Certaines innovations technologiques telles que les OGM ou les nanotechnologies sont marqués par de telles situations et ont fait l’objet de conférences de citoyens visant à dégager un « avis citoyen ». Il s’agit de situations d’incertitudes socio-techniques (Callon et al., 2001) dans lesquelles des choix politiques doivent être faits alors que la science ne peut apporter que des informations partielles. Nous distinguons un autre type d’incertitude (Beuret, 2008), certes plus ordinaire mais aussi plus fréquent. Il s’agit d’incertitudes sociétales, marquées par le fait que les objectifs collectifs poursuivis par un groupe social dans la gestion de ses ressources et biens d’environnement ne peuvent être connus ex- ante. En effet, l’objectif collectif, sociétal, est plus que la somme des objectifs individuels ou que la somme des objectifs catégoriels de sous-groupes sociaux : seule la confrontation de ces objectifs permet la construction d’objectifs collectifs. Autrement dit, soit la décision est prise sans connaître ces objectifs, en situation d’incertitude, soit une concertation permet de lever cette incertitude.

Une forme particulière d’incertitude est qualifiée d’« ambiguïté ». Elle est caractérisée par l’existence de multiples interprétations possibles des informations disponibles.
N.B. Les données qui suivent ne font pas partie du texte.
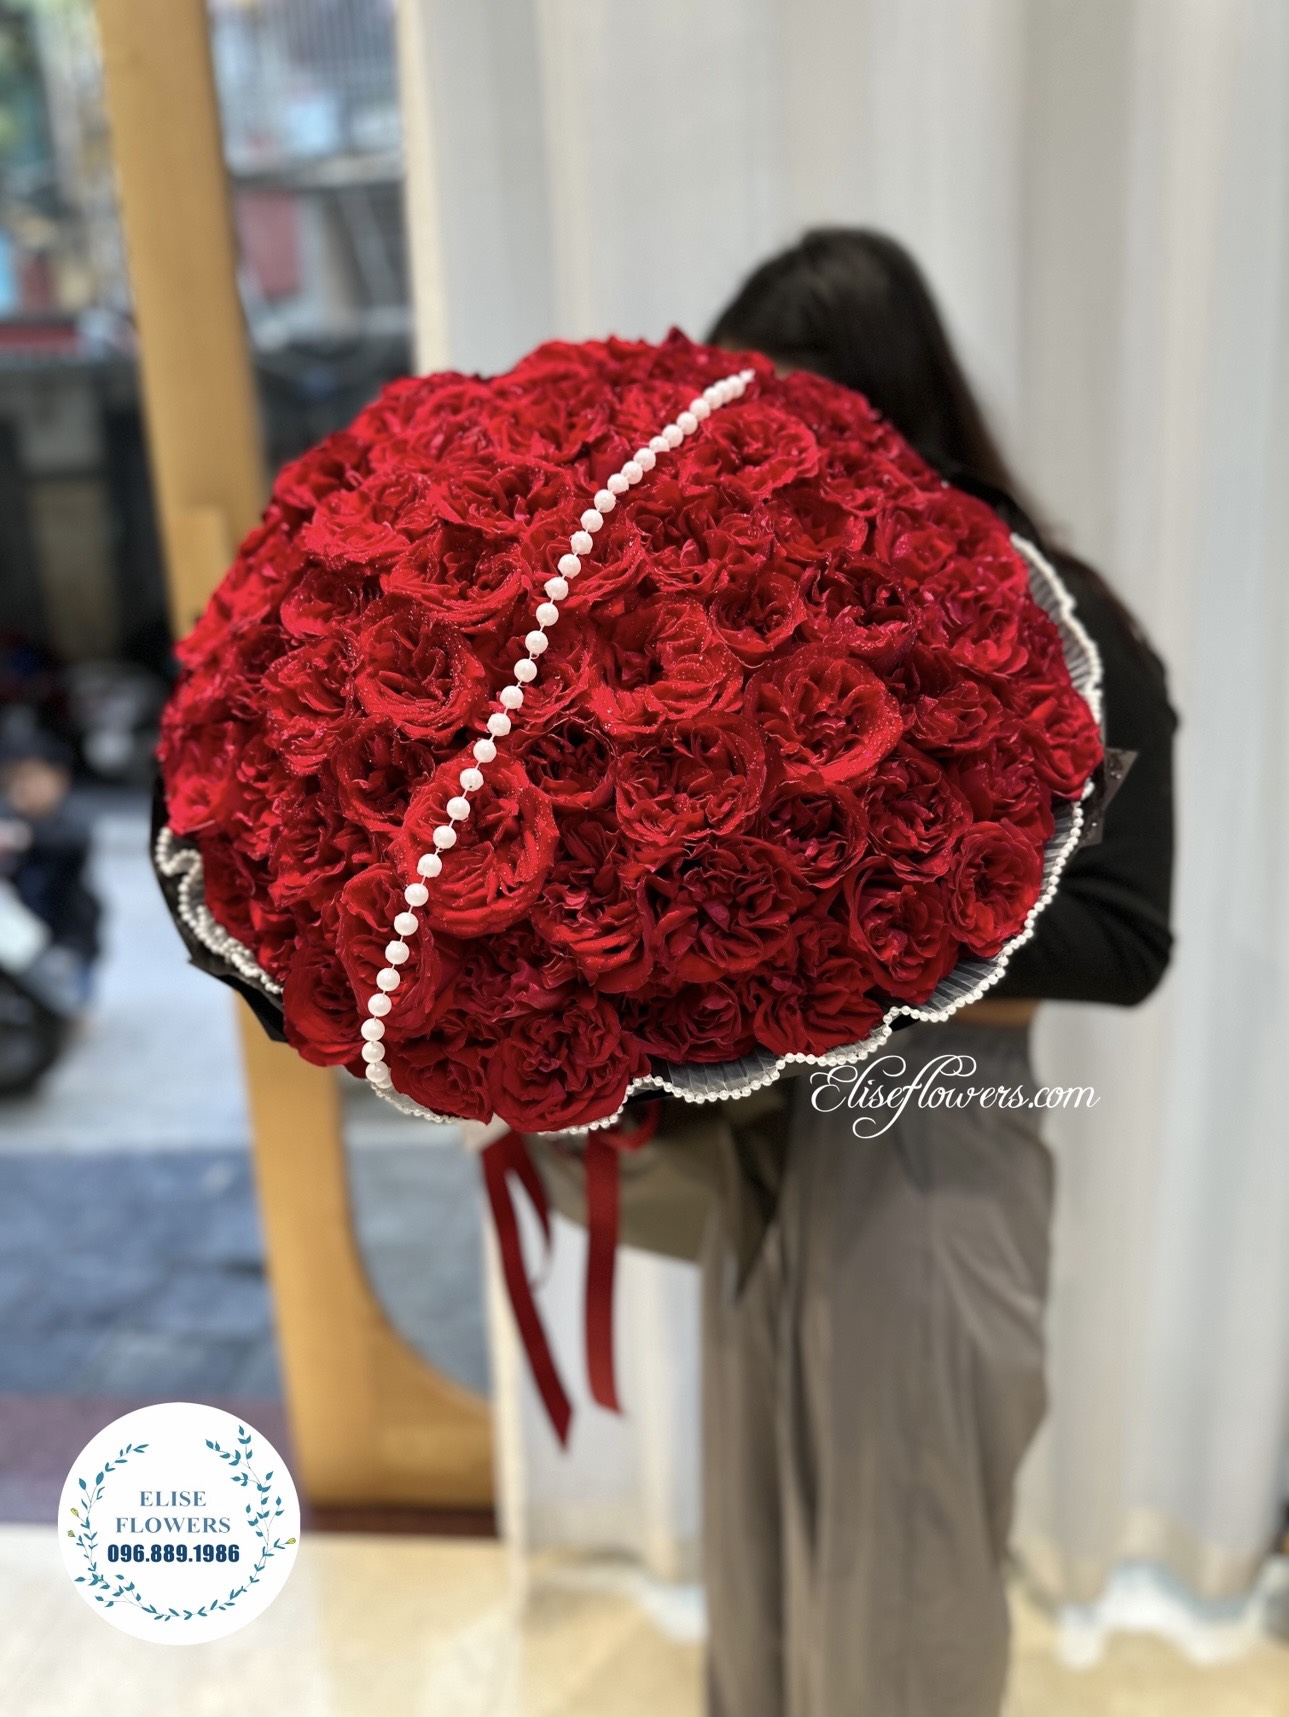 Bó hoa hồng đỏ nhập khẩu 100 bông đẹp nhất. Bó hoa hồng đỏ nhập khẩu 100 bông đẹp ở Hà Nội.

Kuhn (1997) définit l’ambiguïté comme « le résultat d’un état susceptible d’être interprété de façons distinctes et multiples » et March et Olsen (1976) considèrent que l’ambiguïté se produit quand « une organisation est confrontée à une opportunité de choix donnés, où chaque option possède un degré de légitimité valable ». L’ambiguïté provient souvent non pas d’un manque d’informations mais d’une variété d’informations qui génère des contradictions et des paradoxes (Soualem, 1991). Les élus locaux sont très fréquemment confrontés à ce type de situations.

Dans tous ces cas d’incertitude, la prise de décision est difficile à assumer pour des élus qui craignent d’être tenu responsables de ses conséquences éventuelles. Ils peuvent donc être tentés par des processus de concertation visant à mutualiser le risque décisionnel.

Mutualiser le risque décisionnel a d’autant plus de sens que l’élu craint d’être tenu pour responsable d’éventuelles conséquences néfastes, mêmes imprévisibles, de ses décisions. Certains auteurs insistent sur cette montée en puissance de la responsabilisation des élus. Selon Duran et Thoenig (1996), l’Etat se mettant en retrait depuis les lois de décentralisation, les élus locaux sont perçus comme responsables de l’ensemble des affaires de leur territoire et pour Jobert (1998), « en dehors du niveau régional, relativement éloigné des citoyens, les élus locaux (maires, conseillers généraux) sont plus que jamais tenus personnellement pour responsables de ce qui se passe sur leur territoire ». Salles (2009) interprète clairement les processus de concertation et de participation comme une réponse apportée à une responsabilité devenue trop lourde à assumer. Selon lui, « la multiplication, ces dernières décennies, des procédures collaboratives fondées sur la consultation et la participation des parties prenantes pour réguler les problèmes d’environnement peut être interprétée comme un transfert de responsabilité ». Et « le postulat des procédures collaboratives est de rendre les acteurs comptables de leurs choix et responsables de leur engagement respectif vis-à-vis d’un compromis négocié assimilable à l’intérêt général ».